Die Vogel

Photo by Robert Millard
By Michael Van Duzer

After the unqualified success of last season’s Rediscovered Voices double bill, LA Opera’s Music Director James Conlon continued his quest to revive works from composers banned by the Third Reich with a production of the first full-length opera in the series.

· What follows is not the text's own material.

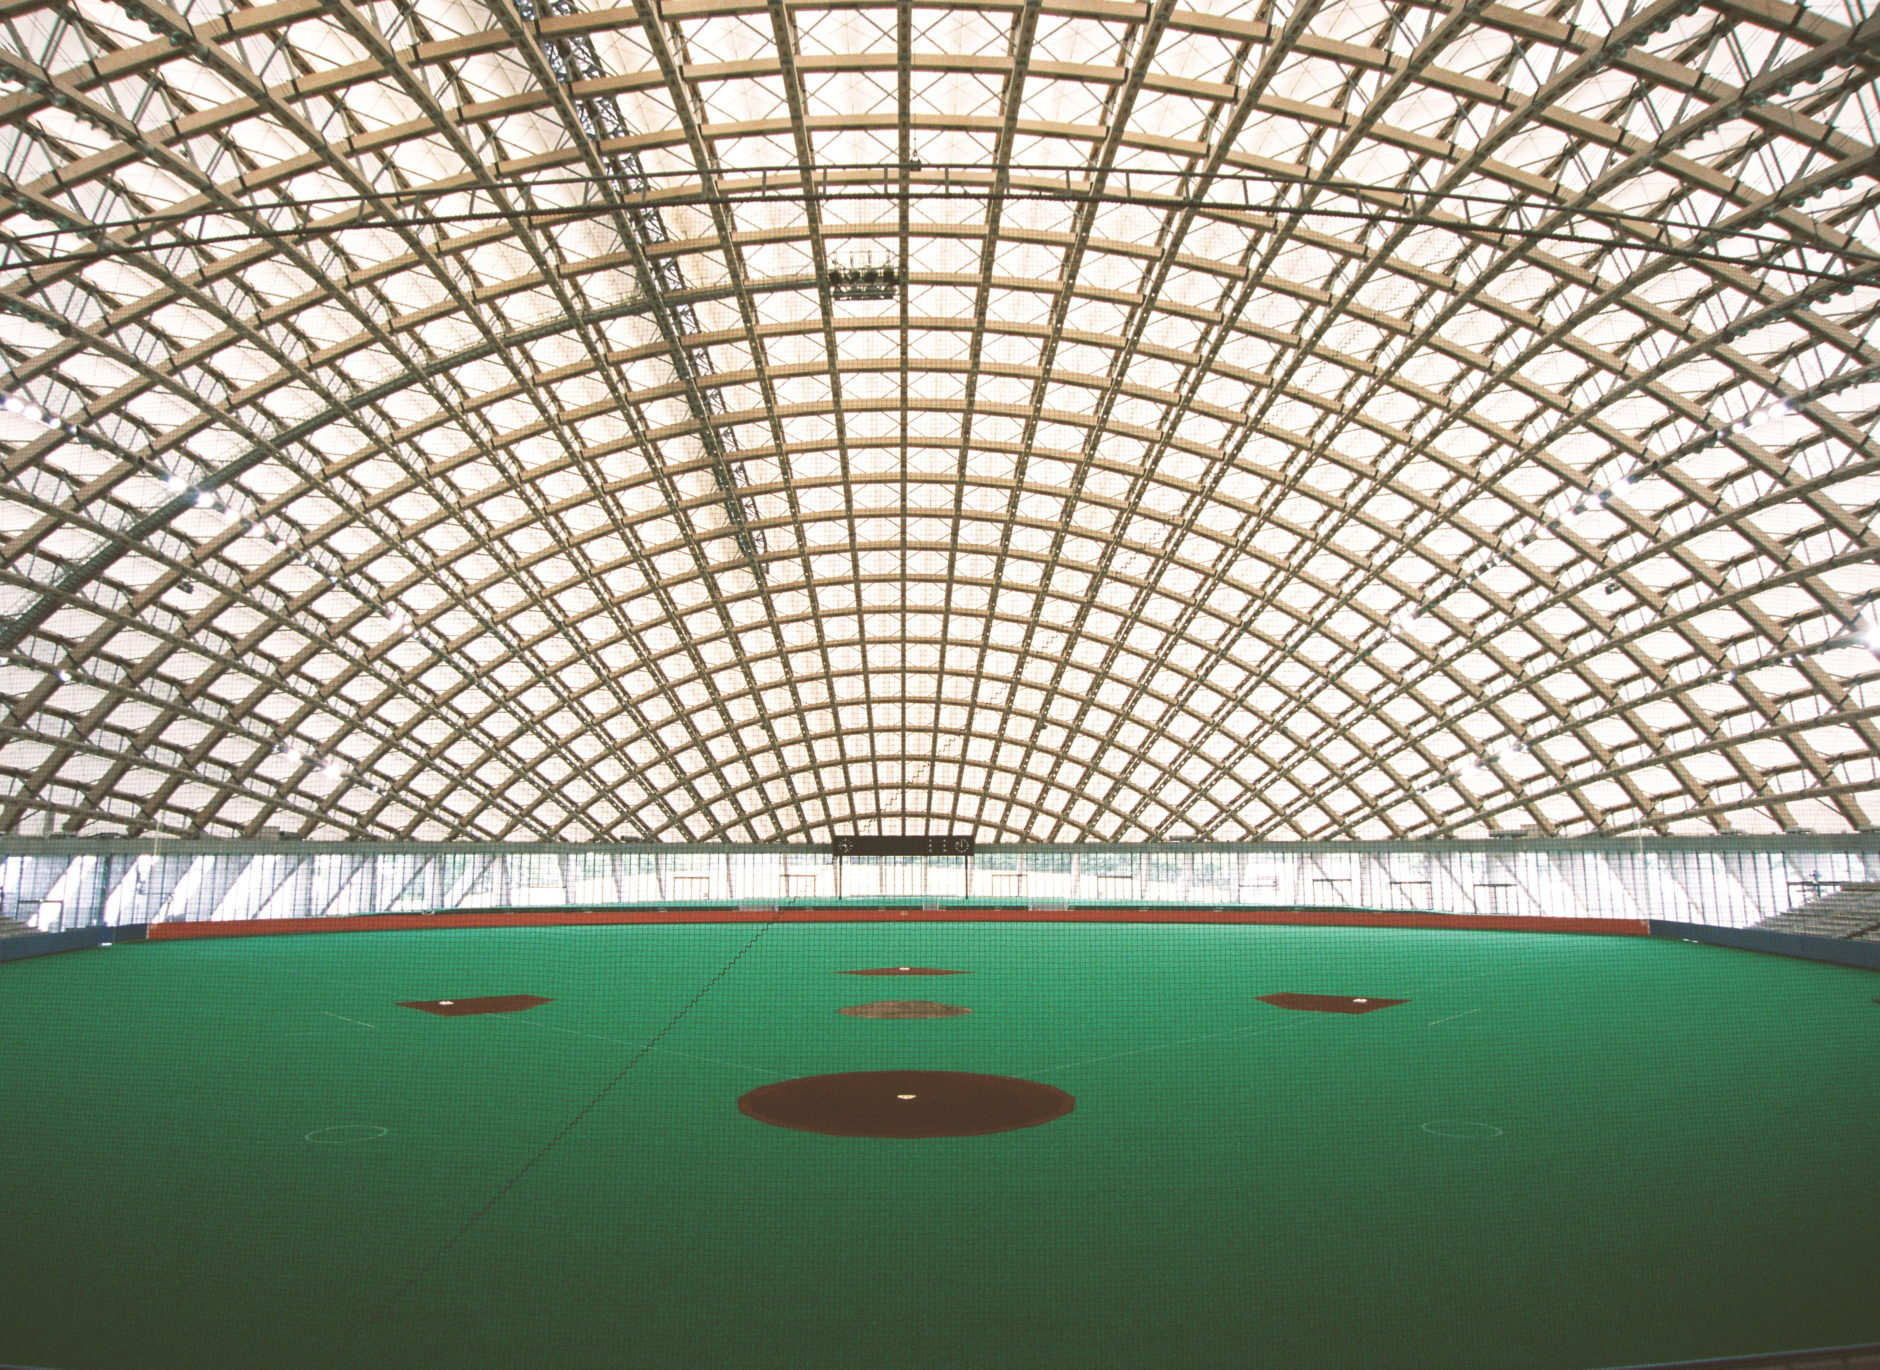 Toyo Ito & Associates Architects, Dome in Odate (multipurpose dome), 1993-7, Odate-shi, Akita, Japan. Photo: Mikio Kamaya.

Walter Braunfel’s Die Vogel (The Birds) premiered in 1920 to great acclaim and was performed often in the intervening years. He penned his own libretto, suggested by Aristophanes’ famous comedy. Interestingly, a literal adaptation of the play would have featured a character’s journey from sympathetic man to heartless dictator—something that would, no doubt, have caught the eye and ire of Hitler. Braufel’s version dilutes the satire and sidesteps the politics. His humans learn from overweening ambition and move on. No doubt his half-Jewish background and anti-Fascist stand were more the reasons his works were put on the Degenerate Art list by the Nazis than works like Die Vogel.
It is easy to understand the opera’s initial popularity. It begins with a lushly melodic prelude which immediately transports the audience and places them under its spell. The score is full of ravishing music in a rich Straussian palette. In point of fact, a little too full. Seductive as the melodies and orchestrations are, they tend to overwhelm the slight storyline and could be improved with some judicious cutting. A protracted ballet in the second act is downright enervating.
The plot follows two humans, Good Hope and Loyal Friend, as they leave the earth and enter the realm of The Birds, ruled over by the Hoopoe. Noticing the slipshod way this New World is constructed, Loyal Friend suggests building a city that will intercept the sacrifices humans make to the gods. The Birds jump at this chance and follow through with a new city in the clouds. Meanwhile Good Hope finds love with a feisty Nightingale. Prometheus warns the birds about the danger of displeasing the gods, but they pay no attention. The gods destroy their city in a storm, and The Birds fall back into line. Loyal Friend returns to the world of Men, while Good Hope finds that his sojourn with The Birds has changed him forever.
Brandon Jovanavich is a strapping young man with a powerful and easily produced tenor. As Good Hope, he is the beating heart of the story, and he brings great warmth and tenderness to the role. Desiree Racantore shimmers with impressively precise coloratura flights as The Nightingale, while James Johnson proves a blunt and bold Loyal Friend. Martin Gantner is a vigorous Hoopoe, and Brian Mulligan brings enormous intensity and floods of effortless sound to his powerful warning as Prometheus.
Director Darko Tresnjak, who brought such drama and passion to last year’s The Dwarf, seems a little constrained by the ephemeral quality of the work. Not to mention that he has to work around the steeply raked deck used for Die Walkure. David P. Gordon’s cartoon clouds and sun have the feeling of a compromise, while Linda Cho’s costumes seem more kitschy than clever.
James Conlon conducts with loving commitment, carefully shaping the beauty of the orchestral writing and returning Braunfel’s opera to vivid life. The opera may not be an unalloyed masterpiece, but Conlon’s persistence has resurrected another stage worthy work for the discerning operagoer.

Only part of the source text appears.